Writing good unit tests is made much easier by dependency injection. This lets you separate your code’s behavior from that of your dependencies:

type MyType struct {
  dep1 DependencyOne
  dep2 DependencyTwo
}

func GoodConstructor(dep1 DependencyOne, dep2 DependencyTwo) *MyType {
  return &MyType{
    dep1: dep1,
    dep2: dep2,
  }
}

func BadConstructor() *MyType {
  return &MyType{
    dep1: NewDepOne(),
    dep2: NewDepTwo(),
  }
}

The example’s a little bit contrived, because you could just directly write dep1 to the struct field, but for types with complex initialization, the testability of a type created with GoodConstructor is much higher.

So, what should you pass into the constructor when testing? Many people pass in mock objects. These are objects that provide the same API as your concrete dependencies and provide tools for constructing responses to API calls and assert that certain calls were made with certain arguments. A popular example in Go is testify/mock. In Java, you’ll often encounter Mockito. Mocks look convenient: have the framework generate a mock for you, and then script the interactions. I’m here to argue that the cost of the convenience is too high.

Mocks create brittle tests

Most mocking frameworks create an assertion on each mock API call and then verify these assertions after a test. You may write a test like:

func TestAdd(t *testing.T) {
  dep1 := NewDepOneMock()
  dep2 := NewDepTwoMock()
  dut := GoodConstructor(dep1, dep2)
  
  dep1.On(t, "AddOne").Return(1)
  dep1.On(t, "AddOne").Return(2)
  
  dut.Add(2)
  assert.Equal(t, dut.Count(), 2)
}

What happens in dep1 gets a new function Add and you change your code to use it? You break your test, even though no behavior in your code has changed. We shouldn’t be rewriting tests that have the exact same inputs and expected outputs.

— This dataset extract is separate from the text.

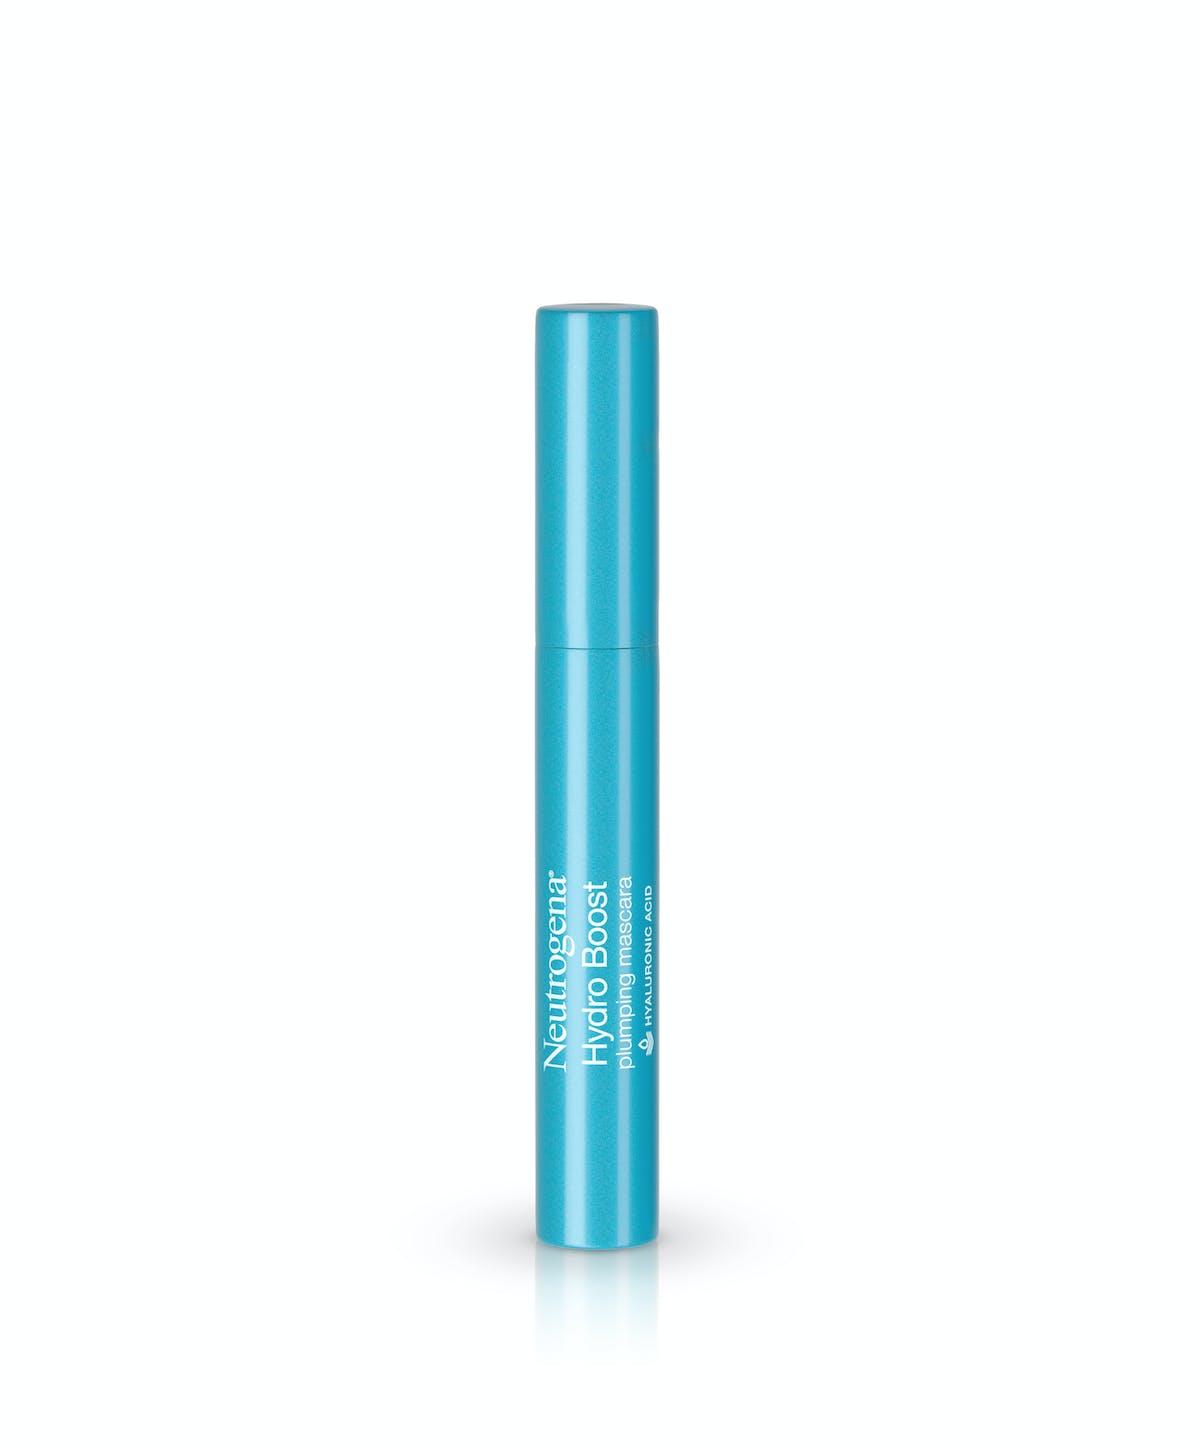 583fe8a06d3 ... Neutrogena® Hydro Boost Plumping Mascara ...
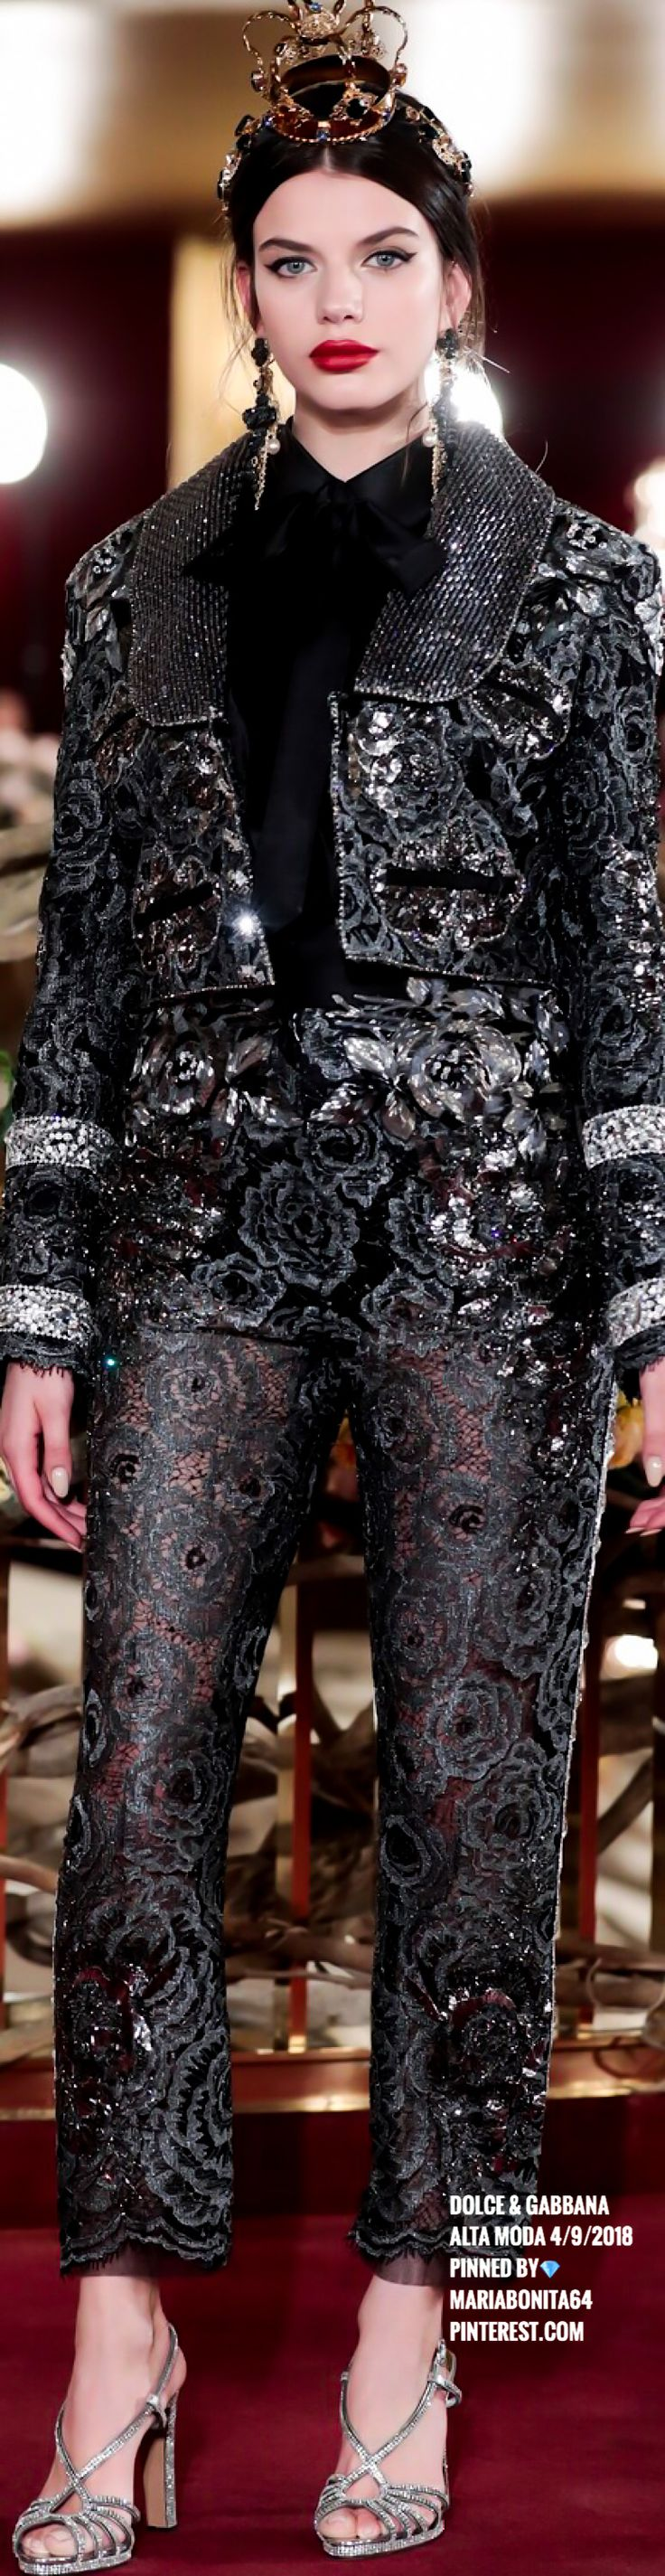 Dolce & Gabbana Alta Moda Show April 2018

Mocks encourage tests that are too fine-grained

Because your mocked calls are dependent on the current state of the Device Under Test, you’re also tempted to assert on the internal state of your dut. These kinds of fine-grained tests are also fragile. You can’t modify the code without modifying the test, even if the inputs and outputs are unchanged. That’s unnecessary extra work.

Alternative: Use a Fake

Migrating to a “Fake” is probably the simplest way to move a unit tests off of a brittle mock. A Fake is an implementation of the dependency that isn’t “real.” It’s less complex to set up, perhaps, or it doesn’t require a network connection. An example might be an on-disk implementation of the Amazon S3 API. To the caller this is indistinguishable, but it’s much easier to use in tests.

Alternative: Don’t unit test calls to complex dependencies. Write integration and behavioral tests for multiple components

One reason we don’t use complex dependencies (even from other packages in the same codebase) is to avoid testing the code of the dependencies. That shouldn’t be a unit test’s responsibility.

But an integration test does care about the code in other packages. That’s the right place to test complex interactions with dependencies.

What about Stubs?

In most definitions, a Stub is like a mock that doesn’t do assertions. This can be less fragile than a mock - there aren’t assertions that break if the number of calls change - but it is still a programmable double of a dependency. It has many of the same problems with brittleness. Internal logic tests can break tests in the absence of observable external changes.